## [WORK TASK]
The data below should be restated word for word, with every picture omitted.

## [MATERIAL PROVIDED]

* * *

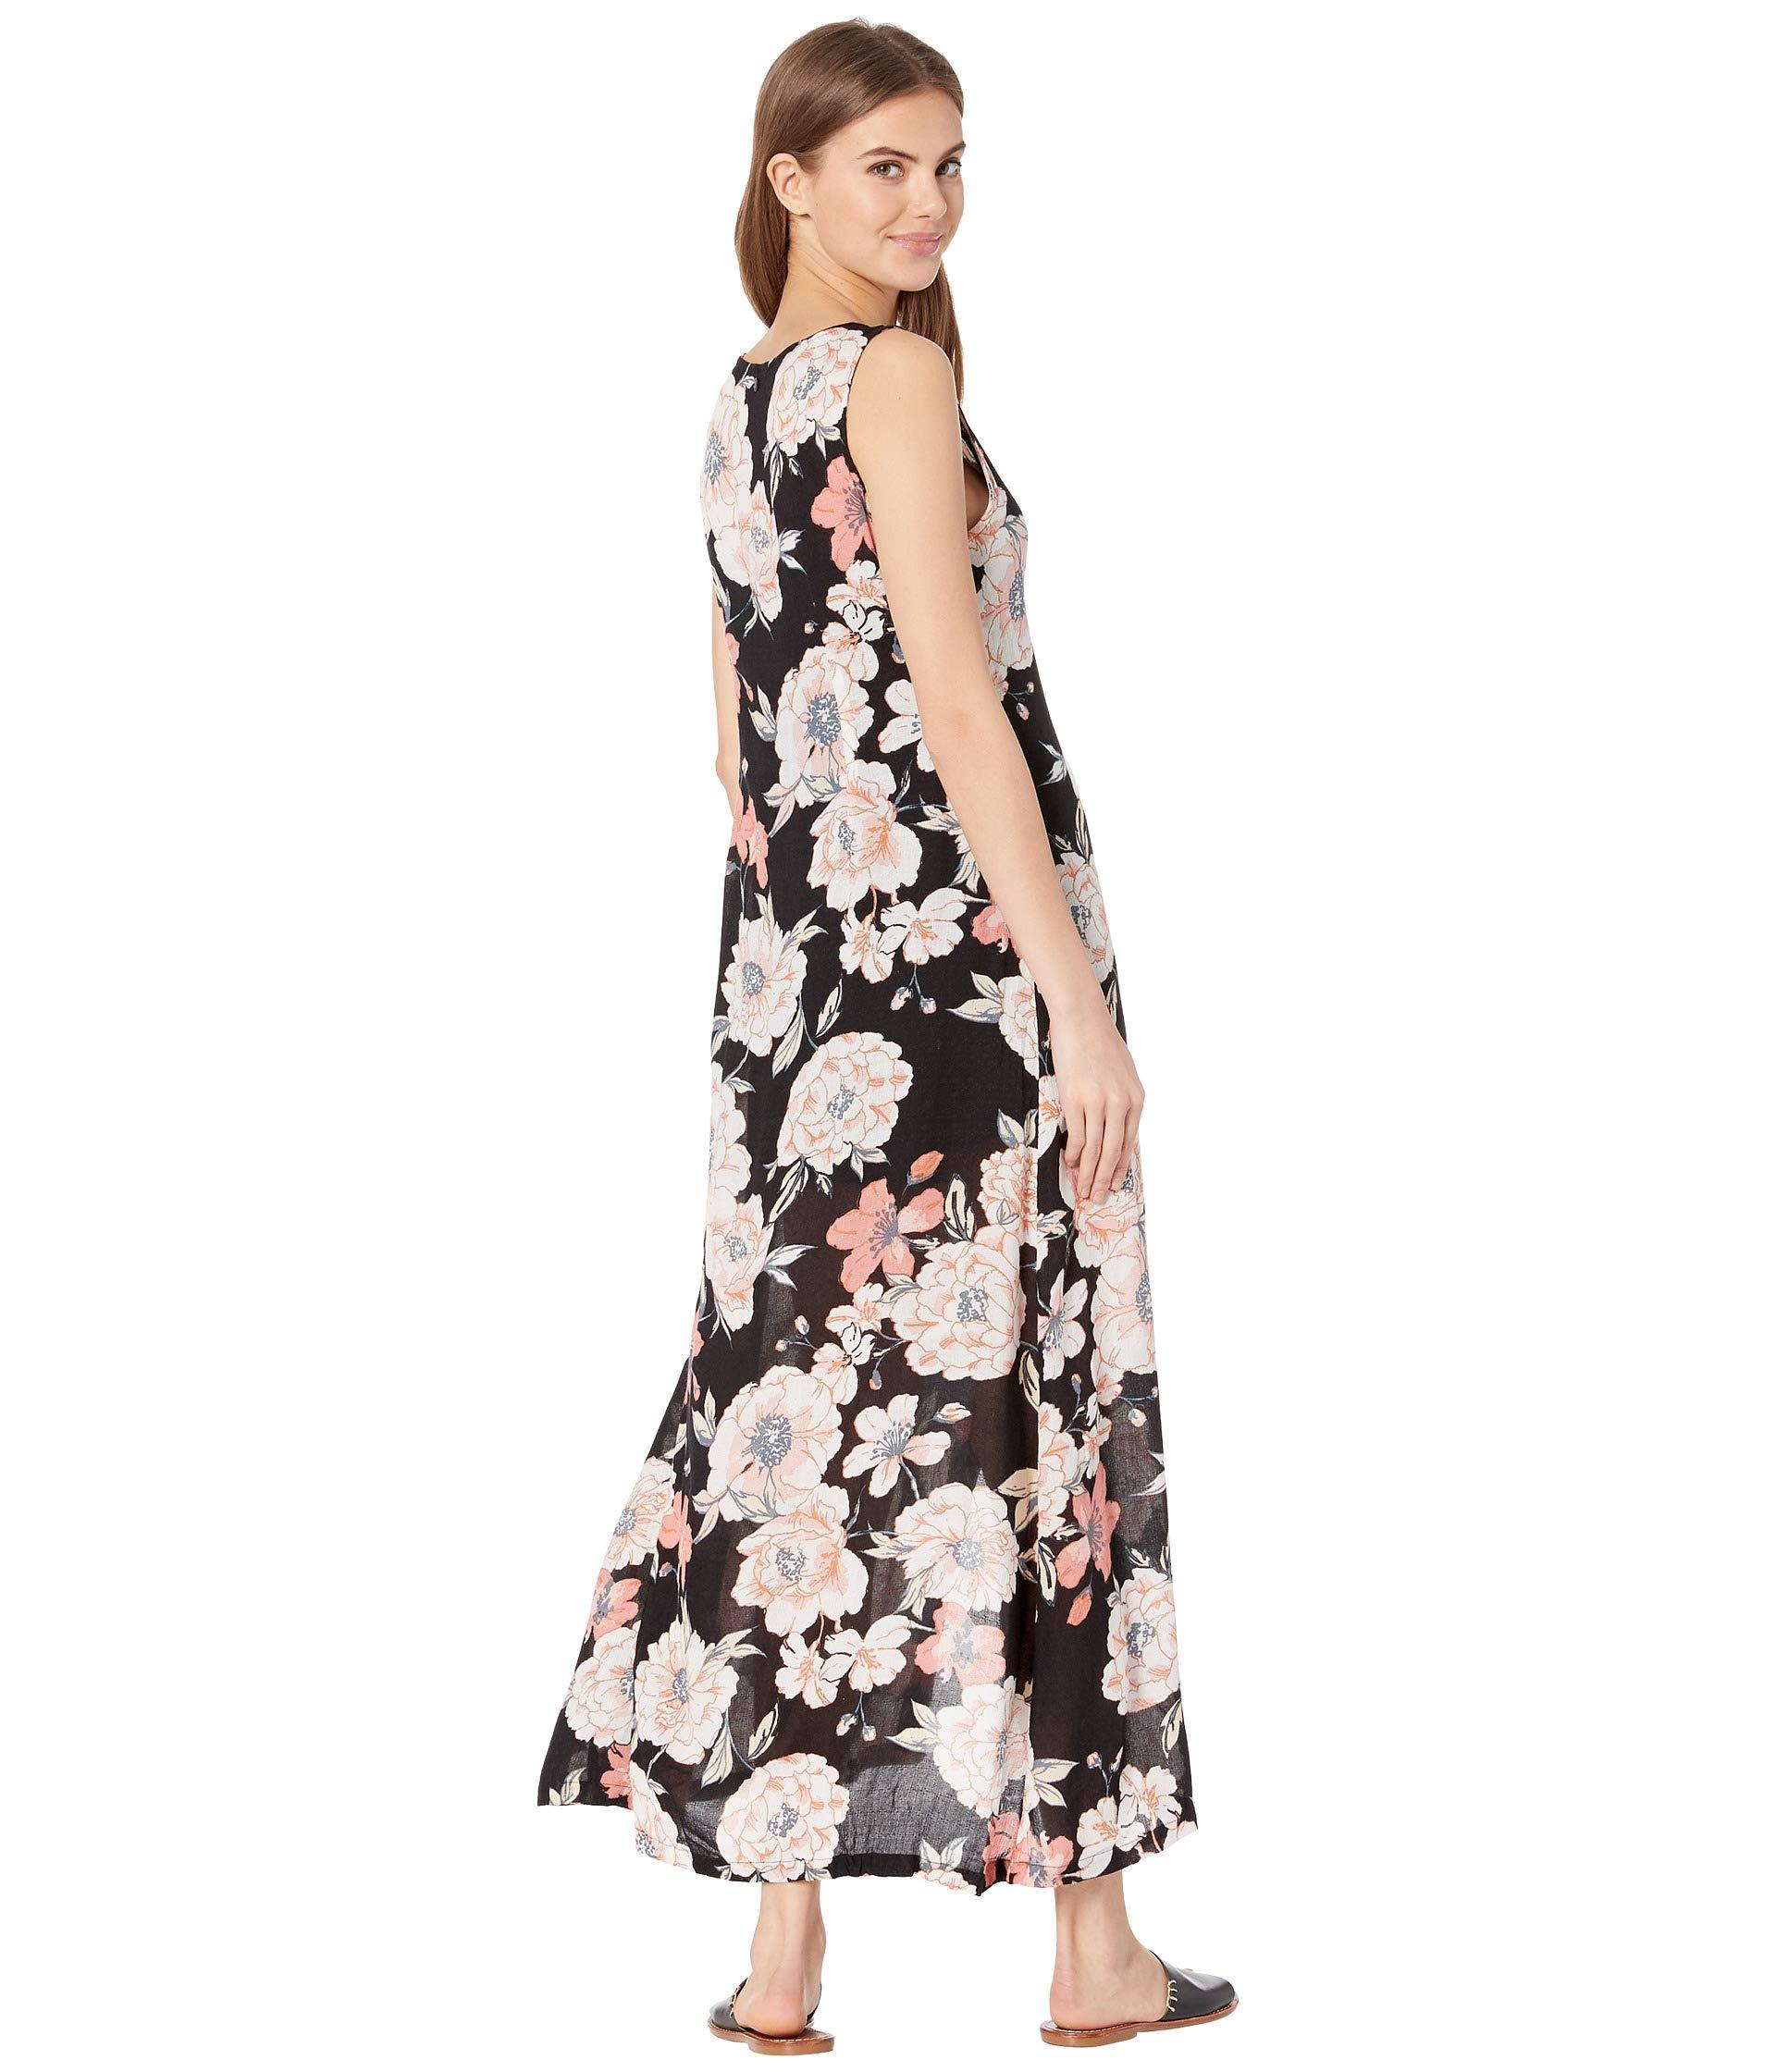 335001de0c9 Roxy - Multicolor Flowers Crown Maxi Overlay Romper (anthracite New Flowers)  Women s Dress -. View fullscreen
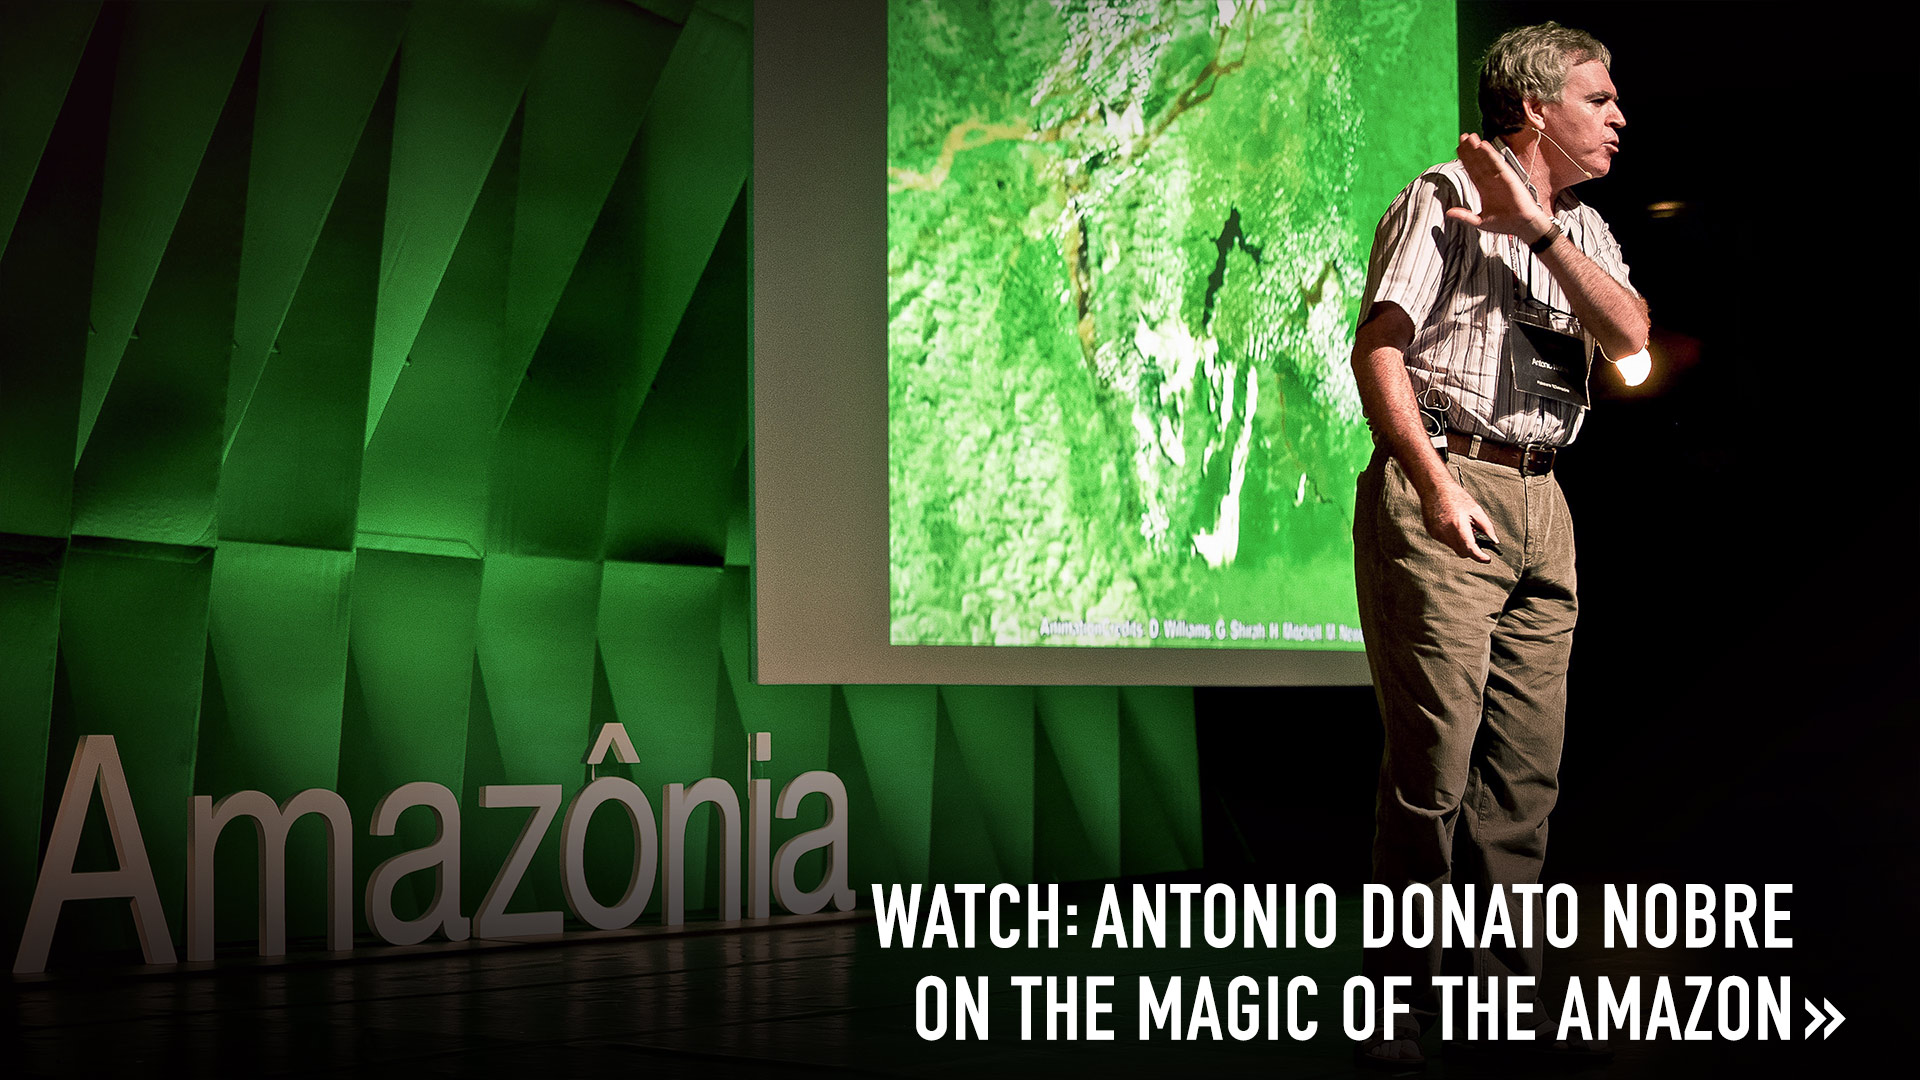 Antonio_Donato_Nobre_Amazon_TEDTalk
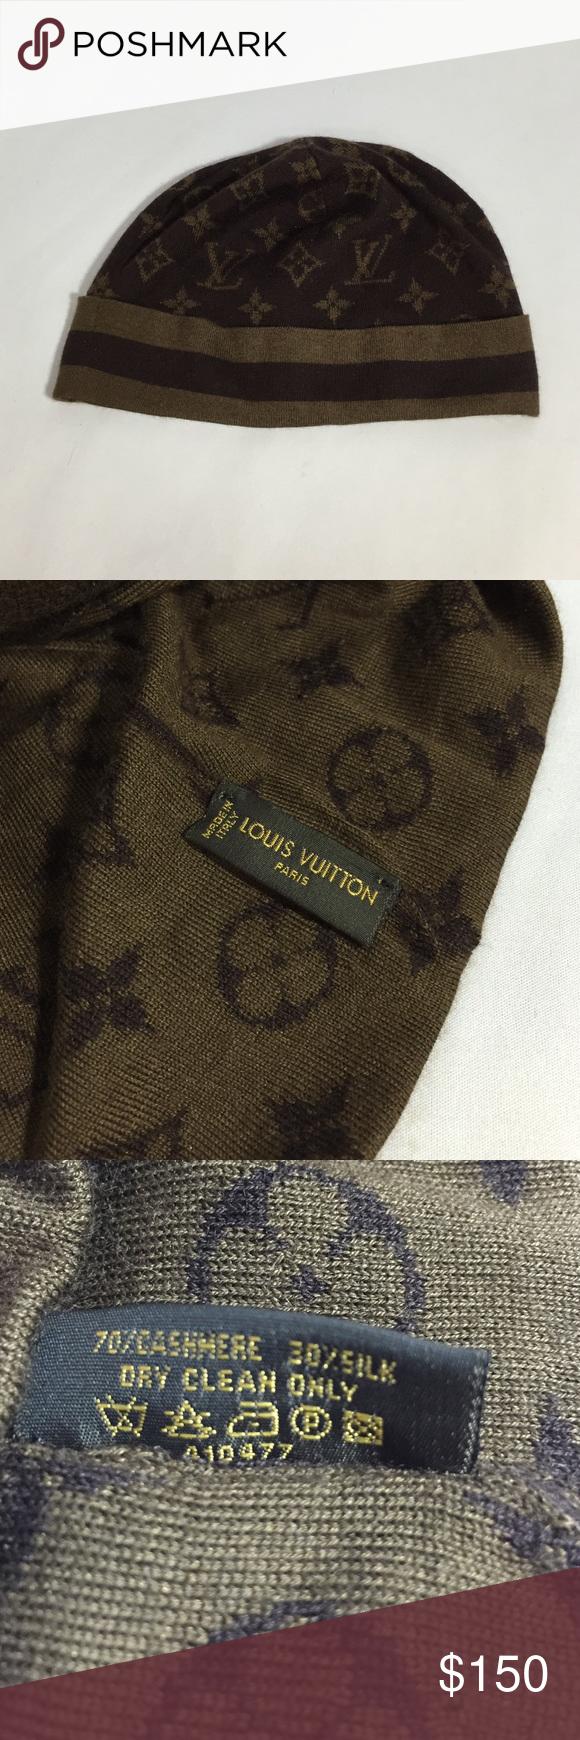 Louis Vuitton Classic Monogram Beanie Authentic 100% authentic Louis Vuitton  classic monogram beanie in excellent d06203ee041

* * *

## [SOLUTION TO THIS PROBLEM]
 335001de0c9 Roxy - Multicolor Flowers Crown Maxi Overlay Romper (anthracite New Flowers)  Women s Dress -. View fullscreen
 Antonio_Donato_Nobre_Amazon_TEDTalk
 Louis Vuitton Classic Monogram Beanie Authentic 100% authentic Louis Vuitton  classic monogram beanie in excellent d06203ee041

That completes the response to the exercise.